Сидеть на полке мне было неудобно: сверток давил живот, и, тайком ощупав его, я обнаружил, что документы почему-то твердые и круглые, вроде золотых монет или перстней с камнями. Всю дорогу я не отлипал от окна и на каждой остановке выбегал прочитать название станции. Эх, и велики наши донские степи: казалось, год тянись на колесах — и не увидишь конца-края. За Воронежем, когда я стоял в тамбуре, с площадки ко мне шагнул дюжий бородатый верзила в опорках, жуликовато огляделся:

— А ну, пацан, дай-ка шапку померить. Он сунул мою кубанку себе за пазуху; я удивленно разинул рот. Босяк показал мне увесистый грязный кулак:

— Не хочешь, детка, вон туда, под колеса? Так завяжи язычок в узелок.

Однако скрыться в другой вагон бородач не успел: из-за моей спины внезапно выступил «отец», спокойно ему посоветовал:

— Примерил, а теперь отдай. У мальчишки вон уши замерзли.

Босяк почесал затылок и разочарованно вернул мне шапку.

Новиковы следили за каждым моим шагом, и когда я сидел в уборной, «отец» где-нибудь поблизости курил папиросу и любовался природой. Но убегать с их драгоценностями я не собирался. Куда? К старшему брату в Урюпино? Или обратно в интернат? Заблужусь.
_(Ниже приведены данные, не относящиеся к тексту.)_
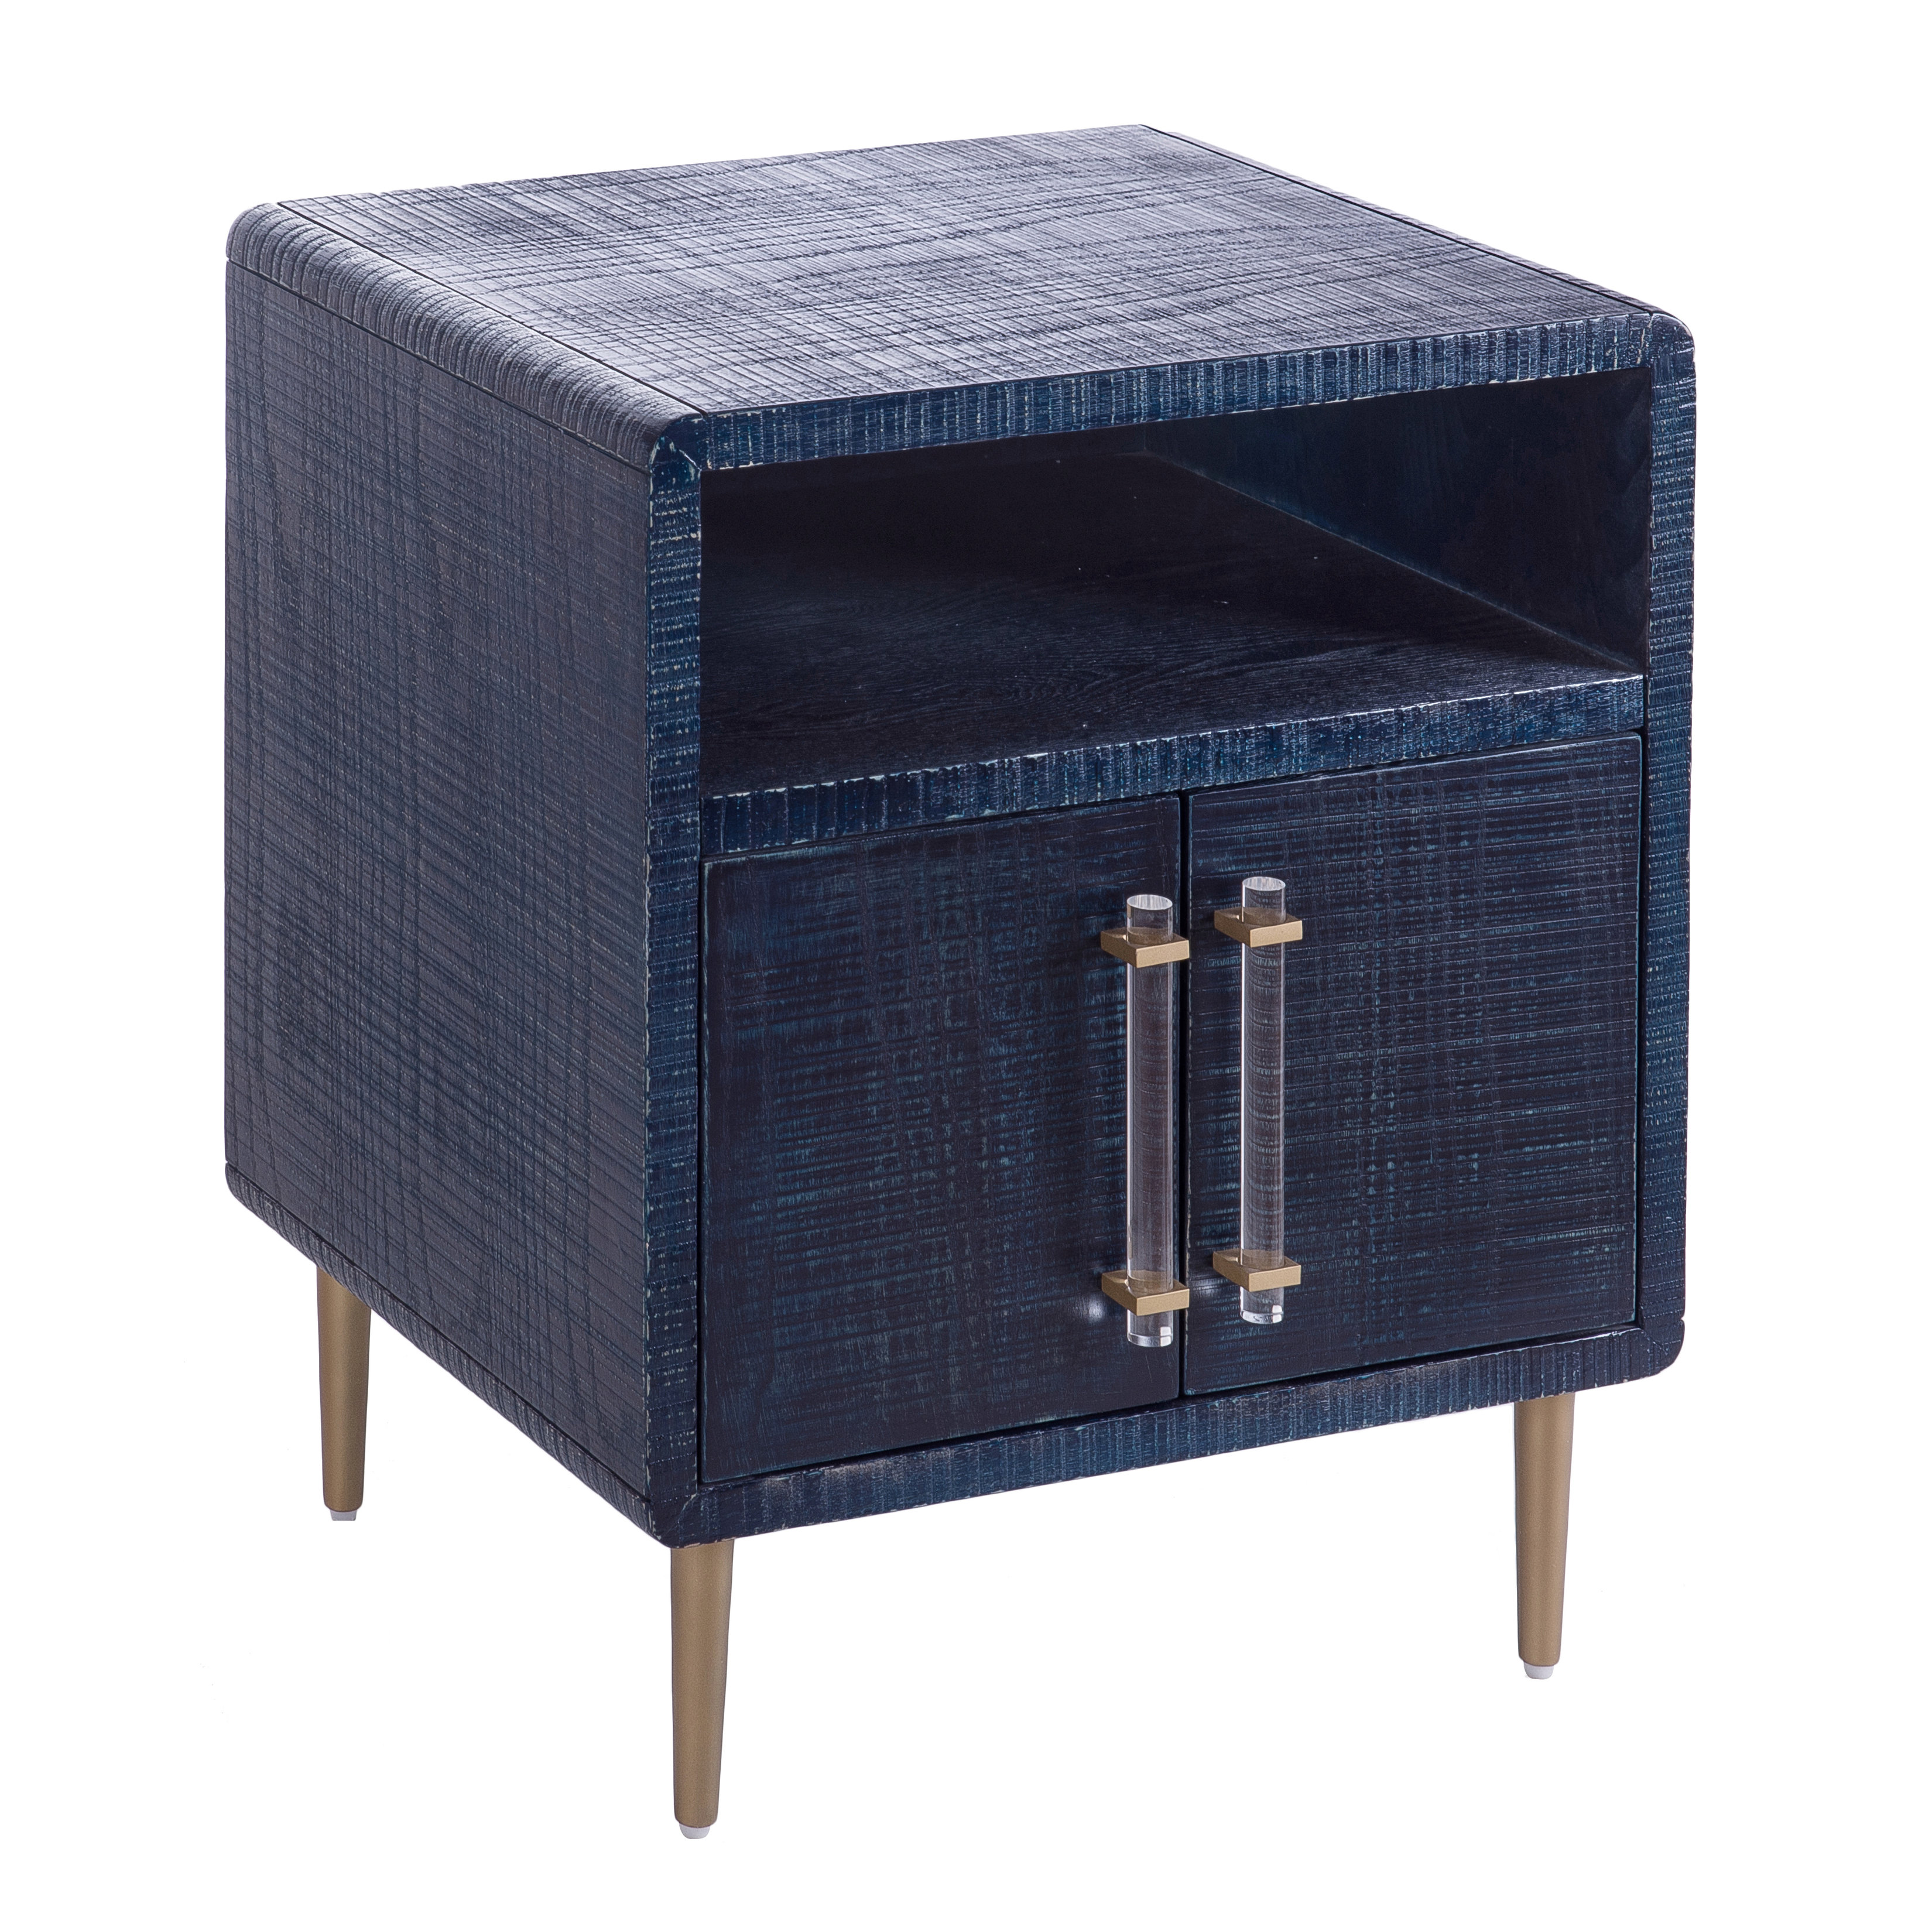 TOV Furniture Marco Textured Indigo Finish Side Table with Brass Legs - image 3 of 9

Да и на улице меня все равно обобрали бы золоторотцы.

Скоро названые родители сами сняли с меня сверток: мы добрались до Киева, и лихач на дутых шинах покатил нас по широким асфальтовым улицам, обсаженным каштанами, мимо златоглавых монастырей, многоэтажных зданий и величественных памятников.

— Мать городов русских, — растроганно сказал «отец», покачиваясь в фаэтоне. — Купель православия.

Каким жалким показался мне Новочеркасск! А я-то раньше считал, что он самый большой город на свете.

Остановились мы в двухэтажной гостинице, по Фундуклеевской, № 6. Весь низ дома занимал украинский театр имени Тараса Шевченко, и невзрачный подъезд его был пышно разукрашен огнями и огромными красочными афишами. Контора театра и сама гостиница помещались наверху; целый день по красному ковру лестницы бегали бритые развязные актеры, слышались ненатуральный раскатистый смех, остроты.

«Отец» круглыми сутками пропадал «по делам», названая мать или спала до обеда, или молча переодевалась перед зеркалом в разные платья. Хоть я жил в одном с ней номере, но мало замечал ее, почти не слышал. Эта молодая, рано поблекшая женщина казалась тенью своего мужа.

В сумерках к нам осторожно стучался курносый еврей в старомодном длиннополом пальто, с рыжим саквояжем, и меня отправляли гулять. Раз, надевая шинель, я замешкался в крошечной передней и услышал негромкий голос еврея: «Ваше золото — это таки золото, и оно имеет высокую пробу! Но и мои червонцы это таки червонцы, хоть они всего-навсего и бумажные!» Меня не интересовало, какими делами занимались с ним названые родители. Новиковы меня ни разу не ударили, кормили сытно, об ученье не заходило и речи: такая жизнь меня вполне устраивала.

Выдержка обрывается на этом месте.